This giving season we’re giving thanks to supporters like you.
It’s been a big year in the world, and for those of us here at Represent Justice.
We entered the year as a newly founded nonprofit, and navigated an ongoing pandemic while prioritizing the health and wellbeing of system-impacted people. We’ve advanced the conversation around police in schools with the film On These Grounds, called upon legislators to end juvenile life without parole, and partnered with the Indiana Pacers for another Play for Justice. And because of incredible supporters like you, we were able to power the campaign that got Julius Jones off of death row in Oklahoma for a crime he did not commit.
But it wasn’t the work of the Represent Justice team alone that made it happen. In 2021, 4,240 donors contributed to the work of Represent Justice, with an average gift of $33.

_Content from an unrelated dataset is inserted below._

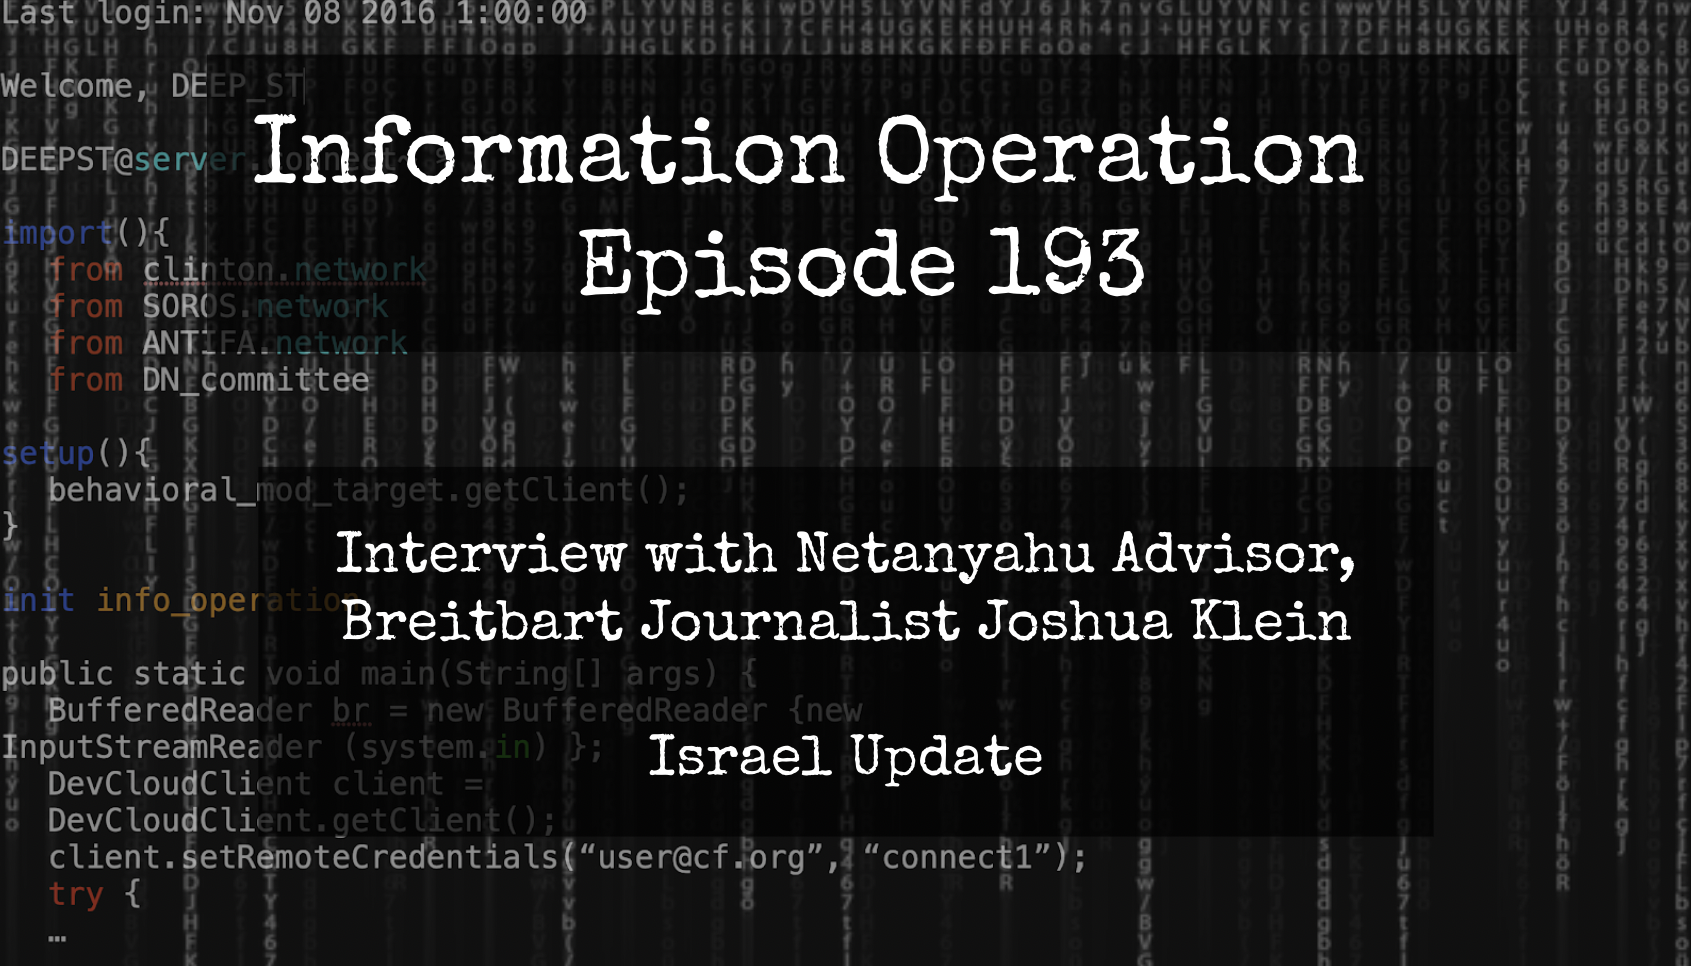 LIVE 9pm EST: Information Operation with Josh Klein - Israel Update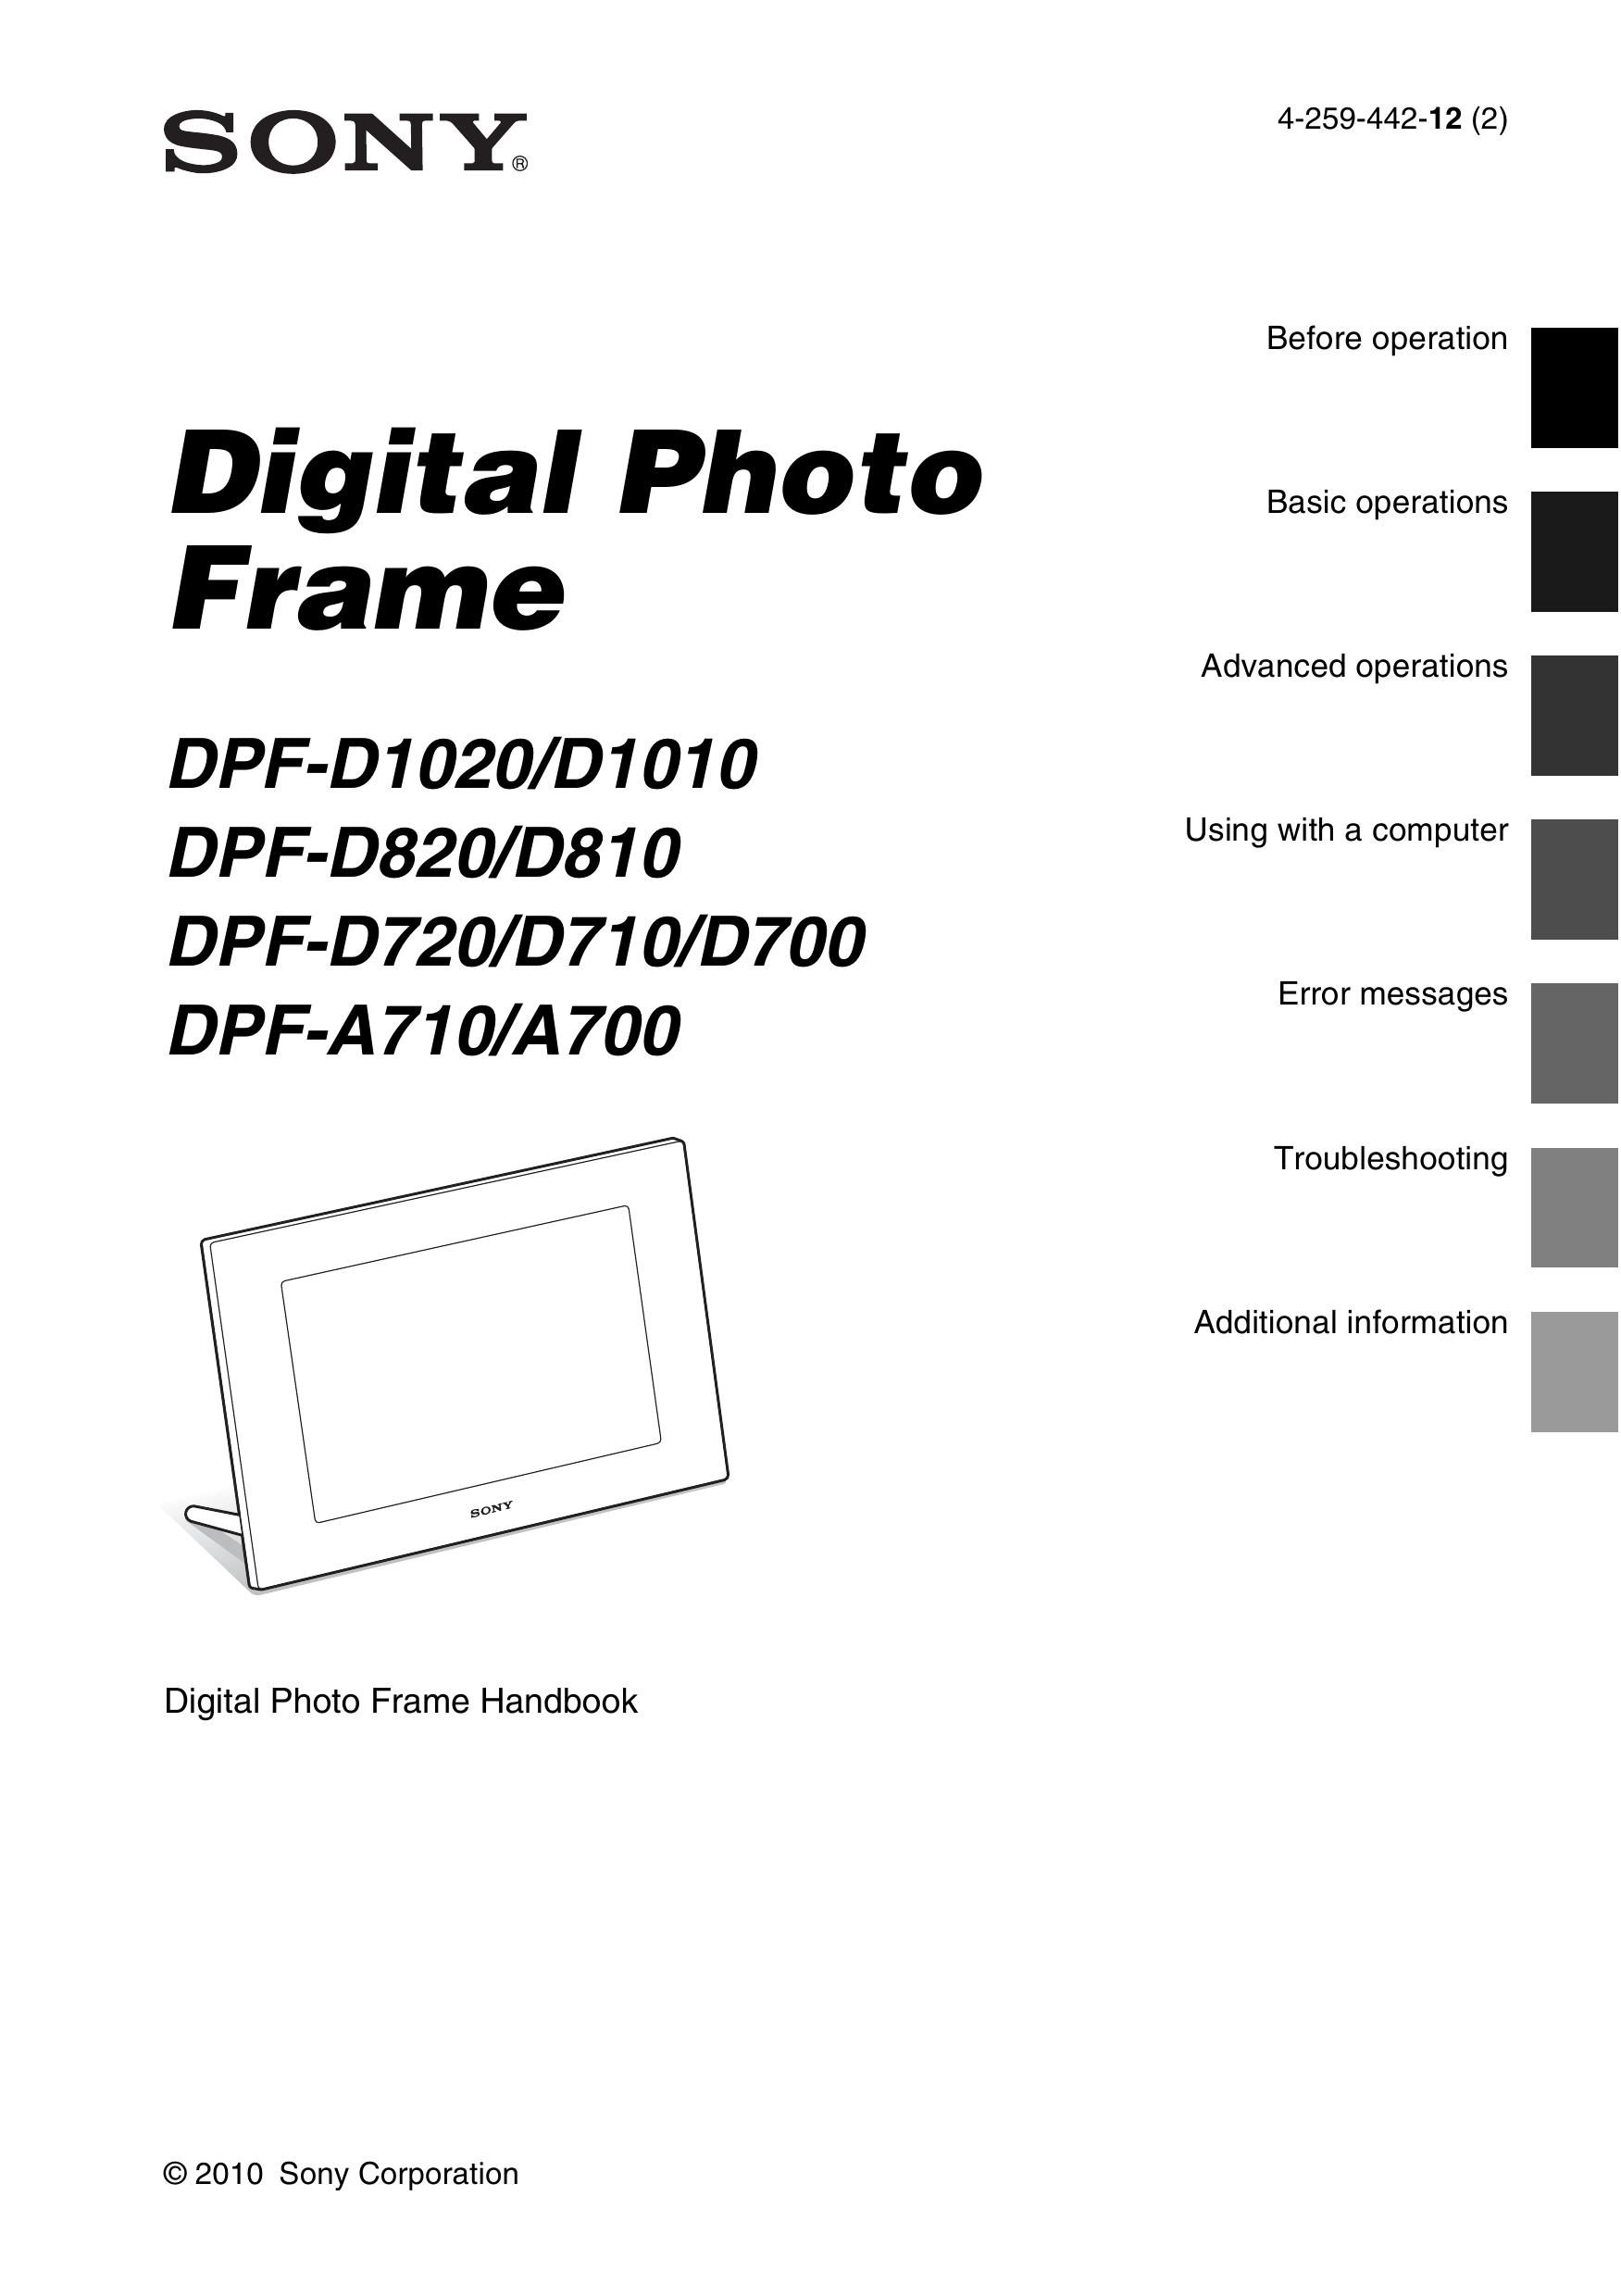 Sony DPF-D720/D710/D700 Digital Photo Frame User Manual

We think that’s extraordinary.
A movement is built by the people in it, and as we near the end of the year, we want to take a moment to look back and celebrate the members of our community who’ve joined us on our journey to help change the system. They’re folks from major cities, small towns, and even across the globe. Our supporters are people who’ve been advocating for a fairer justice system for years, and people who have recently been moved to take action.
Each week, we’ll share the stories of some of our supporters as a small token of our appreciation. Here’s a few of the folks we’re lucky to have in our corner.
Retired, Clawson, Michigan
Storytelling has had a big impact on Ruth’s perception of the justice system. As a retired person on social security, she has a fixed budget. But she also believes our justice system has the capacity to transform into something much fairer, and so she finds ways to do her part.
“It was quite a while ago, I read how the criminal “justice” system is so slanted against people of color—really, anyone who isn’t a white male. I got angry and have been ever since.”
Foster parent, Oxnard, CA
Jessica is passionate about empowering young people in their lives, not only to connect with organizers but also to learn from a younger age how implicit biases can impact our world. For her, this passion started at a young age.
“Seeing commercials as a child of children who didn’t have adequate food or access to clean water. Reading books that included accounts of people being arbitrarily arrested, followed by books and documentaries on cases won after being retried by the Innocence Project. God created me to passionately dislike injustice, racism, and oppression.”
Real Estate Director, Dublin, Ireland
Living in Ireland, Fionnuala was a bit limited in the types of advocacy actions she could take. Without a U.S. address, she isn’t able to urge lawmakers to act on necessary legislation or policies. But, she chose to donate to reflect her desire to see innocent people get their justice.
“I started listening to the Jason Flom Podcast series Wrongful Conviction and was shocked at the number of people in US prisons who are innocent. The lack of investigation and evidence shocked me. It was like listening to fiction—truly unbelievable. The Curtis Flowers case shocked me. I am thankful for the families, friends and organisations that continue to fight for innocent people in prison. The Curtis Flowers case reinforces how important it is to keep fighting.”